Best known as the keyboardist and band leader of legendary trio Azymuth, the late José Roberto Bertrami also wrote for, arranged for and performed with Elis Regina, George Duke, Sarah Vaughn, Jorge Ben, Eddie Palmieri, Milton Nascimento, Flora Purim and Erasmo Carlos, among countless others.
But before all of that, in 1965, at the age of just nineteen, Zé Roberto recorded his first studio album with his group Os Tatuís, and the José Roberto Trio in the following year. These largely slept-on albums of beautiful, expressive samba jazz and bossa nova stand as a testament to the prodigious genius of one of the most important musicians in Brazil's history.

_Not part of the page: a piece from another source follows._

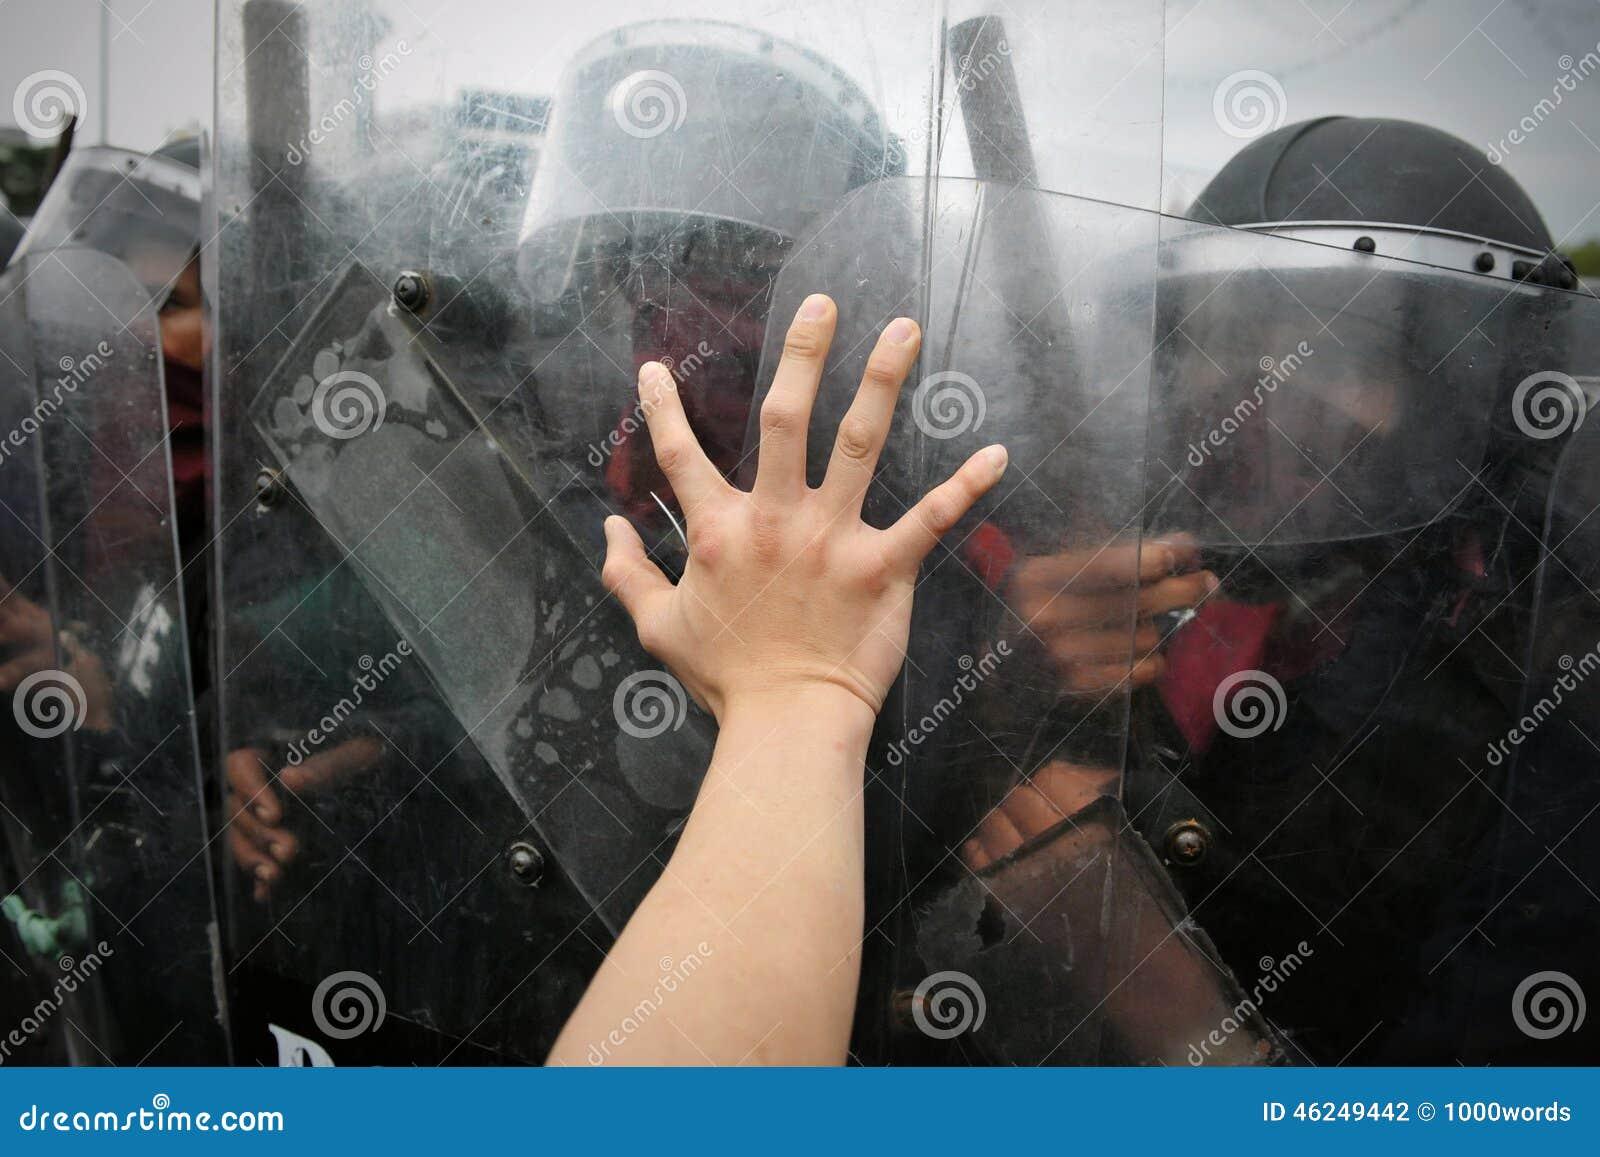 Protestador e polícia

Born in 1946 in Tatuí - a small city in the Brazilian state of São Paulo, José Roberto was the eldest of seven children, four of whom became musicians. His father Lázaro was a classical violinist and a professor at Tatuí's public conservatory, the largest music school in Latin America - for which the city is nicknamed "Music City". After two years of piano lessons from the age of seven, Bertrami began losing interest, spending more time playing football and what he himself referred to as "professional vagabondage". At thirteen, as his mother was despairing that her son was going off the rails, Zé Roberto enrolled at the conservatory.

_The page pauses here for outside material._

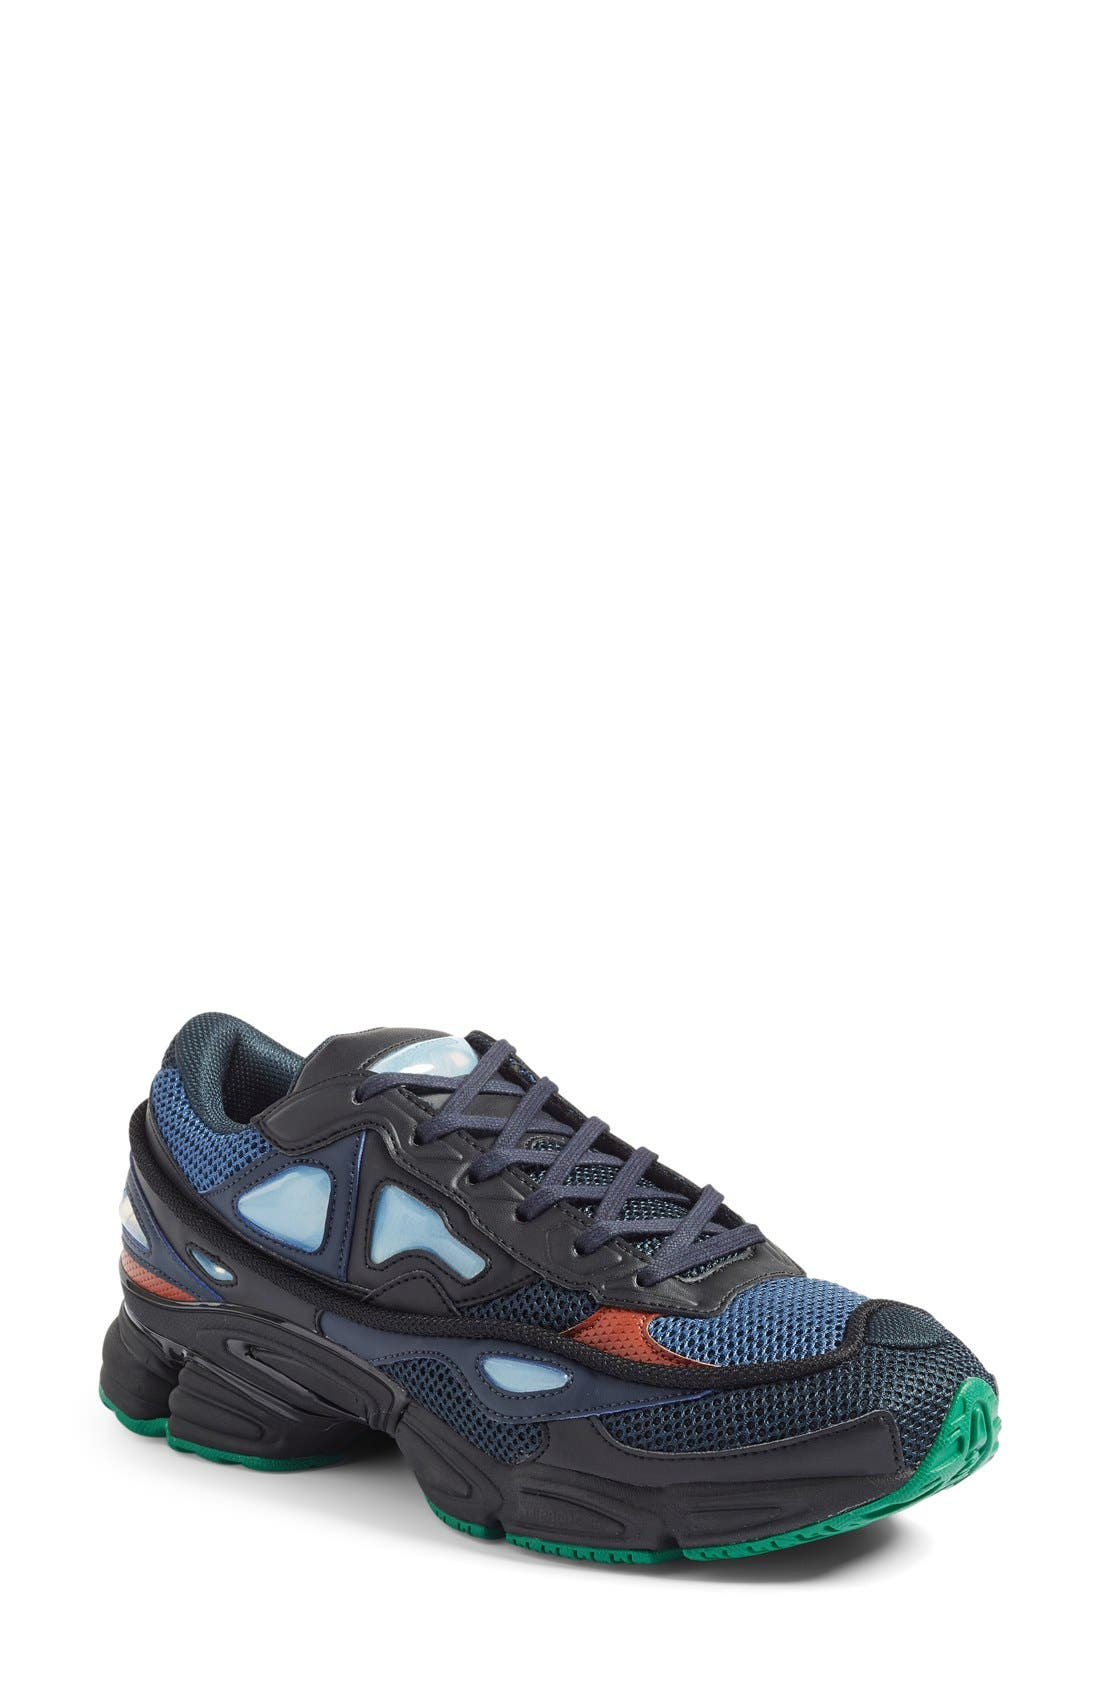 Main Image - adidas by Raf Simons Ozwego 2 Sneaker (Women)

"In my two years there, I did seven years work and then I was expelled. The conservatory was almost entirely a classical music situation, and I'd begun to break some rules—like holding a jam session at school." A year later, in 1966, Bertrami went back into the studio, but this time stripping the format back to a trio set up. Again featuring Claudio Henrique Betrami on double bass, and with Jovito Coluna on drums, the José Roberto Trio recorded their one and only album, featuring compositions by Baden Powell, Manfredo Fest, and Marcos Valle.
The album also featured three of Betrami's own compositions: the wistful "Lilos Watts", the groovy "Kebar" and the dazzling "Talhuama". In the vein of the pioneering Tamba Trio who had so inspired Bertrami in the few years prior, the José Roberto Trio typified an emerging movement within bossa nova in the mid-sixties, with a distinctively Brazilian re-imagining of the piano jazz trio sound conceived by the likes of Nat King Cole, Oscar Peterson and Ahmad Jamal, and further developed by Bill Evans.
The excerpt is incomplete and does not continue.